In another embodiment, the corrective action 609 can be sent to a decision-making entity 610 as a recommendation and the decision-making entity 610 can approve or disapprove the recommendation.

Other practical applications are contemplated.

Referring now to FIG. 2, a system for a multi-camera entity tracking transformer model is illustratively depicted in accordance with an embodiment of the present invention.

The computing device 200 illustratively includes the processor device 294, an input/output (I/O) subsystem 290, a memory 291, a data storage device 292, and a communication subsystem 293, and/or other components and devices commonly found in a server or similar computing device. The computing device 200 may include other or additional components, such as those commonly found in a server computer (e.g., various input/output devices), in other embodiments. Additionally, in some embodiments, one or more of the illustrative components may be incorporated in, or otherwise form a portion of, another component. For example, the memory 291, or portions thereof, may be incorporated in the processor device 294 in some embodiments.

The processor device 294 may be embodied as any type of processor capable of performing the functions described herein. The processor device 294 may be embodied as a single processor, multiple processors, a Central Processing Unit(s) (CPU(s)), a Graphics Processing Unit(s) (GPU(s)), a single or multi-core processor(s), a digital signal processor(s), a microcontroller(s), or other processor(s) or processing/controlling circuit(s).

The memory 291 may be embodied as any type of volatile or non-volatile memory or data storage capable of performing the functions described herein. In operation, the memory 291 may store various data and software employed during operation of the computing device 200, such as operating systems, applications, programs, libraries, and drivers. The memory 291 is communicatively coupled to the processor device 294 via the I/O subsystem 290, which may be embodied as circuitry and/or components to facilitate input/output operations with the processor device 294, the memory 291, and other components of the computing device 200. For example, the I/O subsystem 290 may be embodied as, or otherwise include, memory controller hubs, input/output control hubs, platform controller hubs, integrated control circuitry, firmware devices, communication links (e.g., point-to-point links, bus links, wires, cables, light guides, printed circuit board traces, etc.), and/or other components and subsystems to facilitate the input/output operations. In some embodiments, the I/O subsystem 290 may form a portion of a system-on-a-chip (SOC) and be incorporated, along with the processor device 294, the memory 291, and other components of the computing device 200, on a single integrated circuit chip.

The data storage device 292 may be embodied as any type of device or devices configured for short-term or long-term storage of data such as, for example, memory devices and circuits, memory cards, hard disk drives, solid state drives, or other data storage devices.
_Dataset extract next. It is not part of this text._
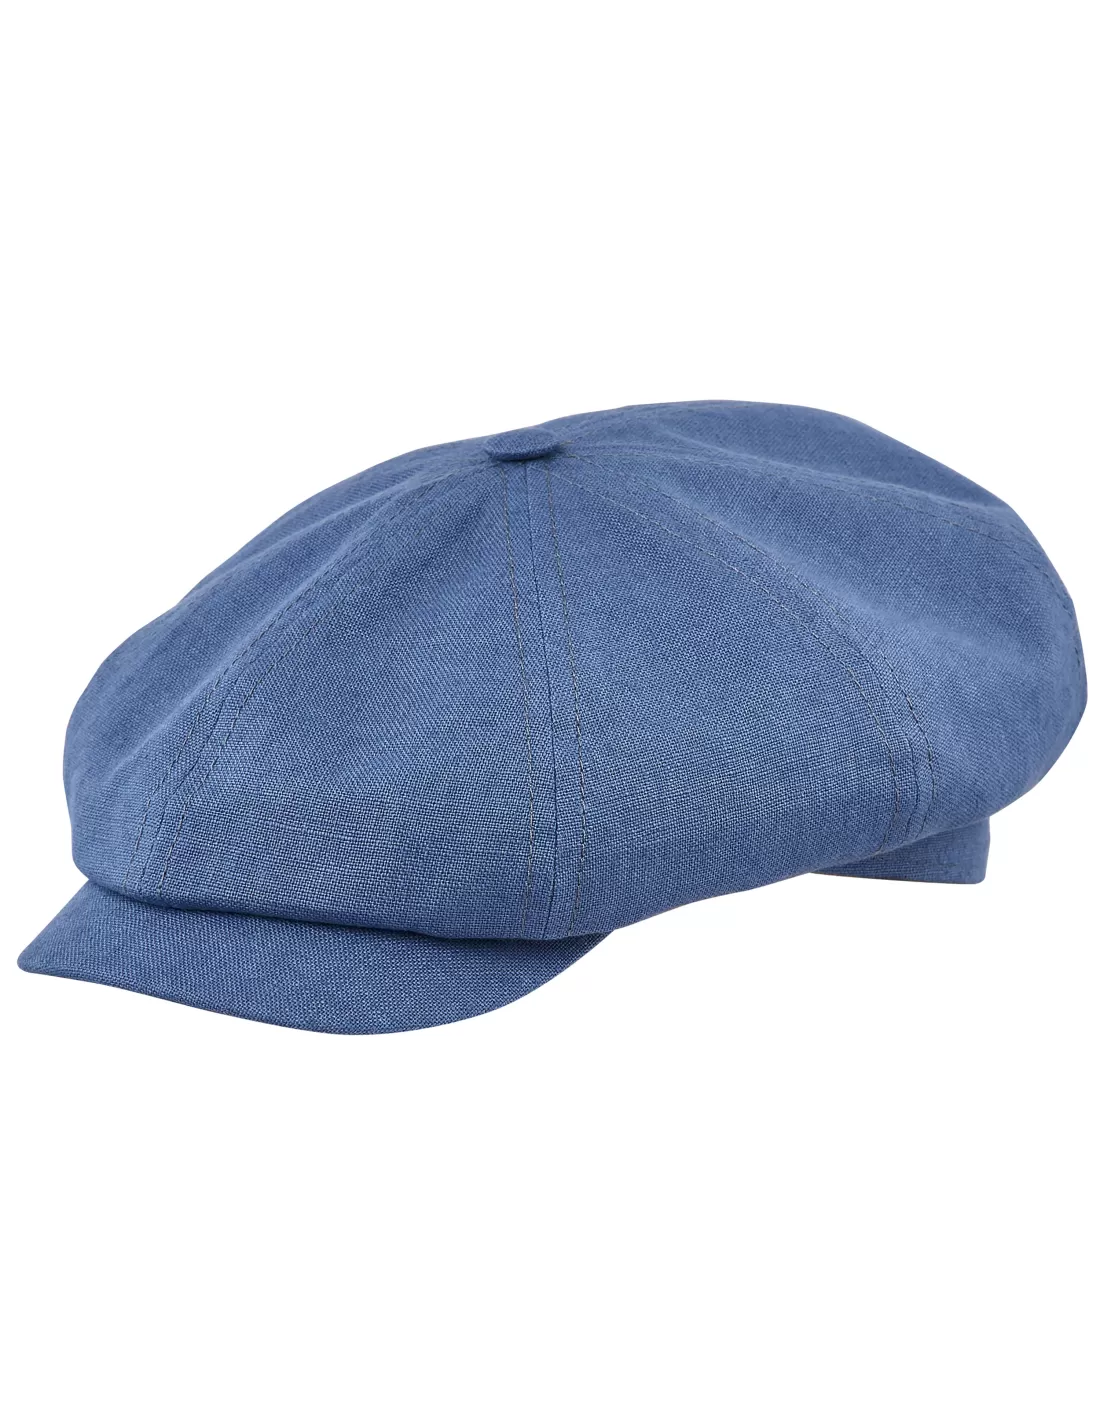 Rowdy Summer Linen 8 Panel Newsboy Cap, a perfect sun protective hat
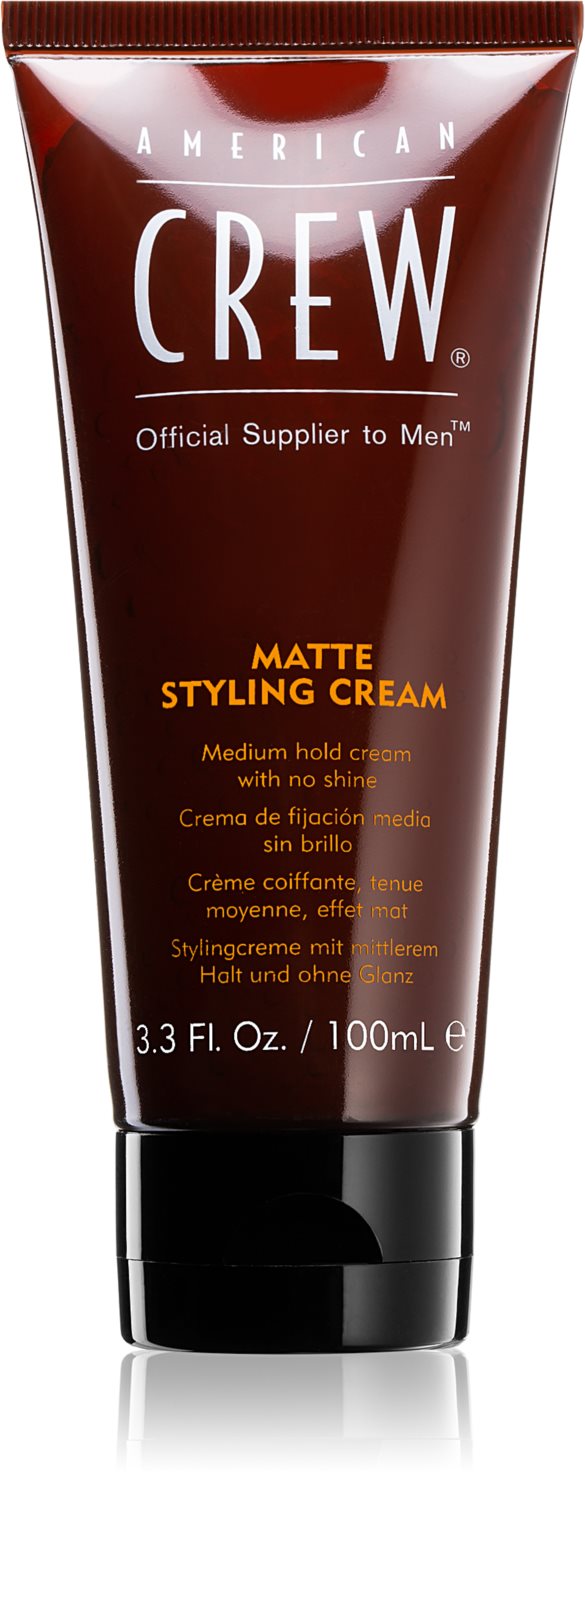 American Crew Styling Matte Styling Cream - stredne tužiaci gél s matným vzhľadom, 100 ml

The data storage device 292 can store program code for a multi-camera entity tracking transformer model 100. Any or all of these program code blocks may be included in a given computing system.

The communication subsystem 293 of the computing device 200 may be embodied as any network interface controller or other communication circuit, device, or collection thereof, capable of enabling communications between the computing device 200 and other remote devices over a network. The communication subsystem 293 may be configured to employ any one or more communication technology (e.g., wired or wireless communications) and associated protocols (e.g., Ethernet, InfiniBand®, Bluetooth®, Wi-Fi®, WiMAX, etc.) to affect such communication.

As shown, the computing device 200 may also include one or more peripheral devices 295. The peripheral devices 295 may include any number of additional input/output devices, interface devices, and/or other peripheral devices. For example, in some embodiments, the peripheral devices 295 may include a display, touch screen, graphics circuitry, keyboard, mouse, speaker system, microphone, network interface, and/or other input/output devices, interface devices, GPS, camera, and/or other peripheral devices.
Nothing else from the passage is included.